«–¡Sí lo soy, sí lo soy! –Miró hacia la ventana y suspiró–: Verás: yo no sé cuánto tiempo voy a vivir todavía. Quizá un año. Quizá diez. Pero quiero, antes de morir, darme una pequeña alegría. ¡Zazu, yo quiero arrancar tu corazón! ¡Déjame hacerlo, pequeña hermosa Zazu! Arrancaré tu corazón y lo guardaré en un frasco de alcohol. Lo pondré siempre a mi cabecera, y todos preguntarán: “¿De dónde sacaste ese horrible pedazo de carne?”. Yo diré: “No es un horrible pedazo de carne, es un corazón”. Y te lo habré arrancado a ti, Zazu. Pero mi alegría consiste en que tu corazón me amará, a pesar de saberme un pobre muñeco, con los ojos llenos de veleros falsos. Con los ojos llenos de globos de colores, con la cabeza llena de serrín debajo de mis cabellos teñios de amarillo. Ah, Zazu, tú te enamorarás de un sucio gitano, ladrón, tramposo, ridículamente soñador. Tú te has enamorado de un pobre muñeco mal pintado, como yo. ¡Mi pequeña tonta, no moriré sin conseguirlo!
Sin saber lo que hacía, Zazu abofeteó aquel rostro. Estaba muy cerca, con su sonrisa que parecía triste, con sus ojos que, de pronto, se habían vuelto transparentes como las de un niño. Zazu no lo pudo evitar: le había dado una bofetada. Inmediatamente escondió las manos a la espalda. La sangre se agolpaba a sus mejillas, y sus ojos se llenaron de lágrimas de vergüenza. Nunca, nunca hasta entonces se creyó capaz de pegar a alguien, aunque lo despreciara, aunque lo odiase. Su desprecio y su odio se volvían repulsión, distancia. Y no sabía por qué.

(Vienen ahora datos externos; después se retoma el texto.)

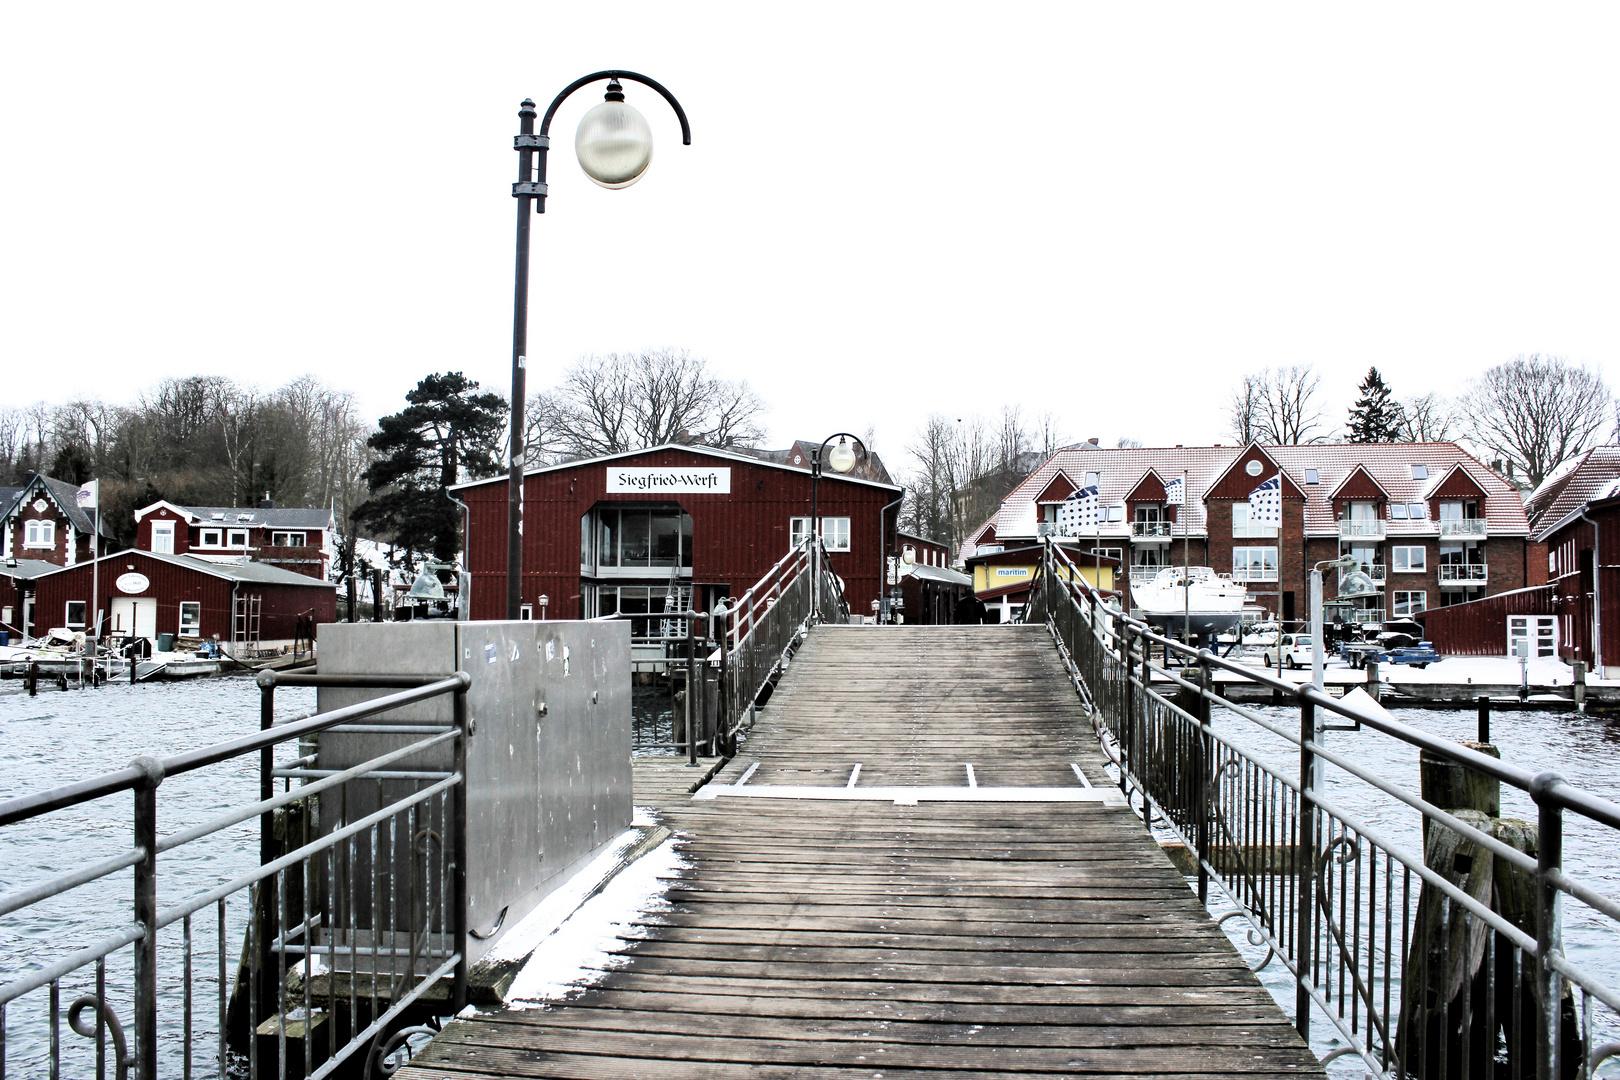 Eckernförde

–¿Qué has hecho? ¿Qué has hecho? –rió Marco–. ¡Has hecho lo mismo que Ana Luisa! ¡Oh, Zazu, tú has hecho lo mismo que cualquier provinciana vestida de color de rosa; tú has hecho lo mismo que cualquier pequeña de kale Nagusia! Zazu, paloma, triste paloma, tu corazón está ahora triste. Zazu, tu orgullo está sufriendo mucho. ¡Cuánta pena me dan tus ojos! Te estrecharía en mis brazos, te besaría como a una niña. Pobre Zazu, ¡eres tan pequeña! ¡Cuánto debes sufrir! Me voy, no quiero interrumpir este dolor con mi presencia.

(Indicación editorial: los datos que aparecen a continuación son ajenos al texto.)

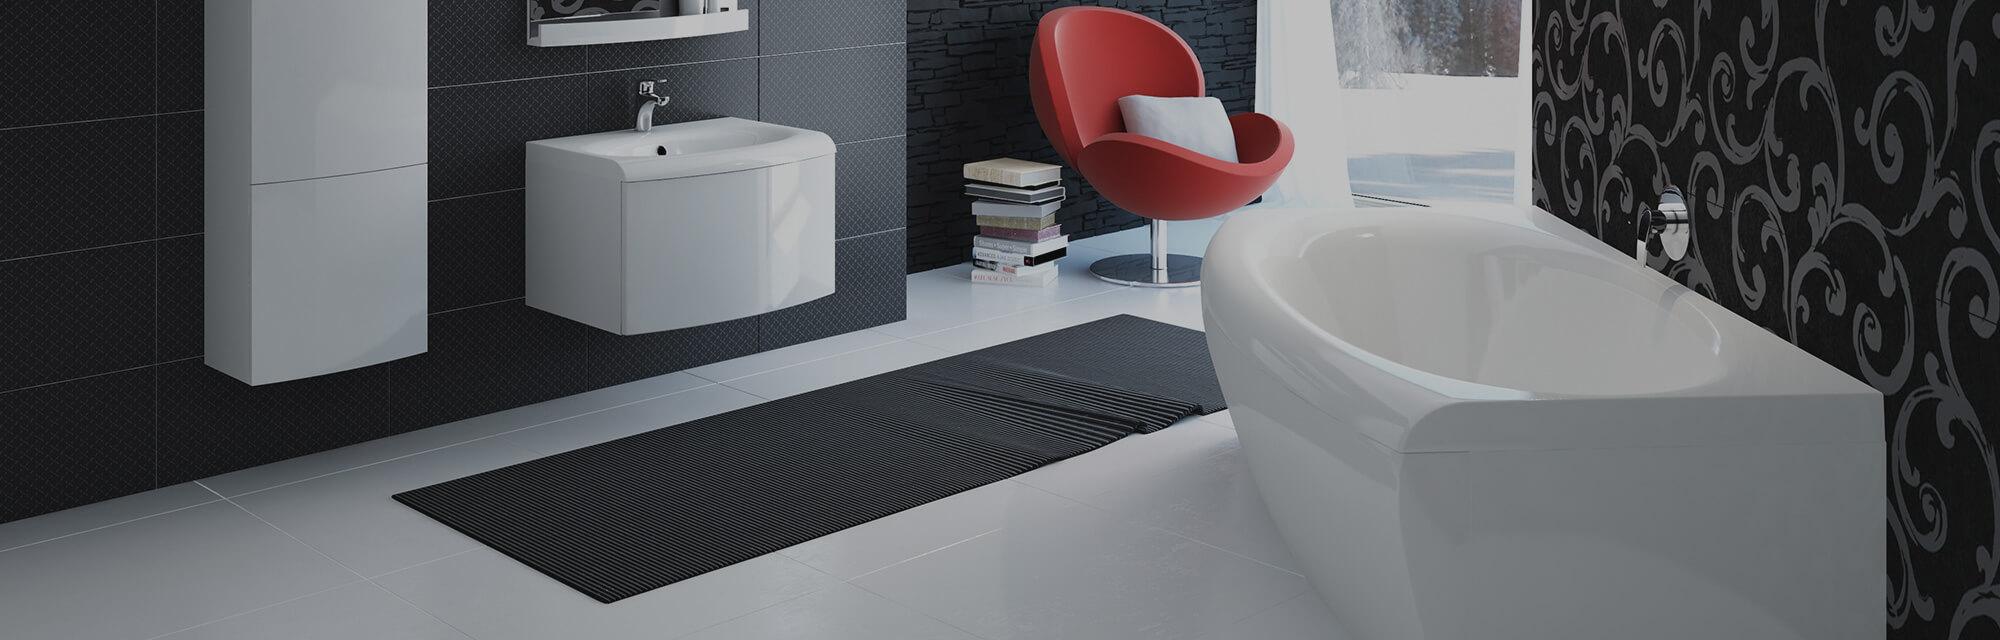 Ravak a.s.   ma salle de bains

Marco recogió el sombrero amarillo y absurdo que llevaba, y se dirigió a la puerta. Pero antes de que saliera, Zazu le llamó, en voz baja, densa:
–Vuelve aquí, estúpido. Vuelve aquí, gitano, mendigo.
Cruzó sus manos y notó su temblor. Las volvió a descruzar. Marco no se movió, sonriendo con dulzura. Afuera, llovía. Las gotas resbalaban por el cristal de la ventana. Zazu sentía los labios encendidos, y sus ojos oscuros. “No sé cómo pude hacerlo. Nunca pegué a la gente. Mi lengua es venenosa. Yo no sé como pude pegarle. Pero mi lengua se ha vuelto muda para él”. Zazu tenía miedo. De pronto, llegó a ella un destemplado sonido. Se volvió y vio a Marco, sentado frente al piano. Su dedo índice oprimía teclas, al azar.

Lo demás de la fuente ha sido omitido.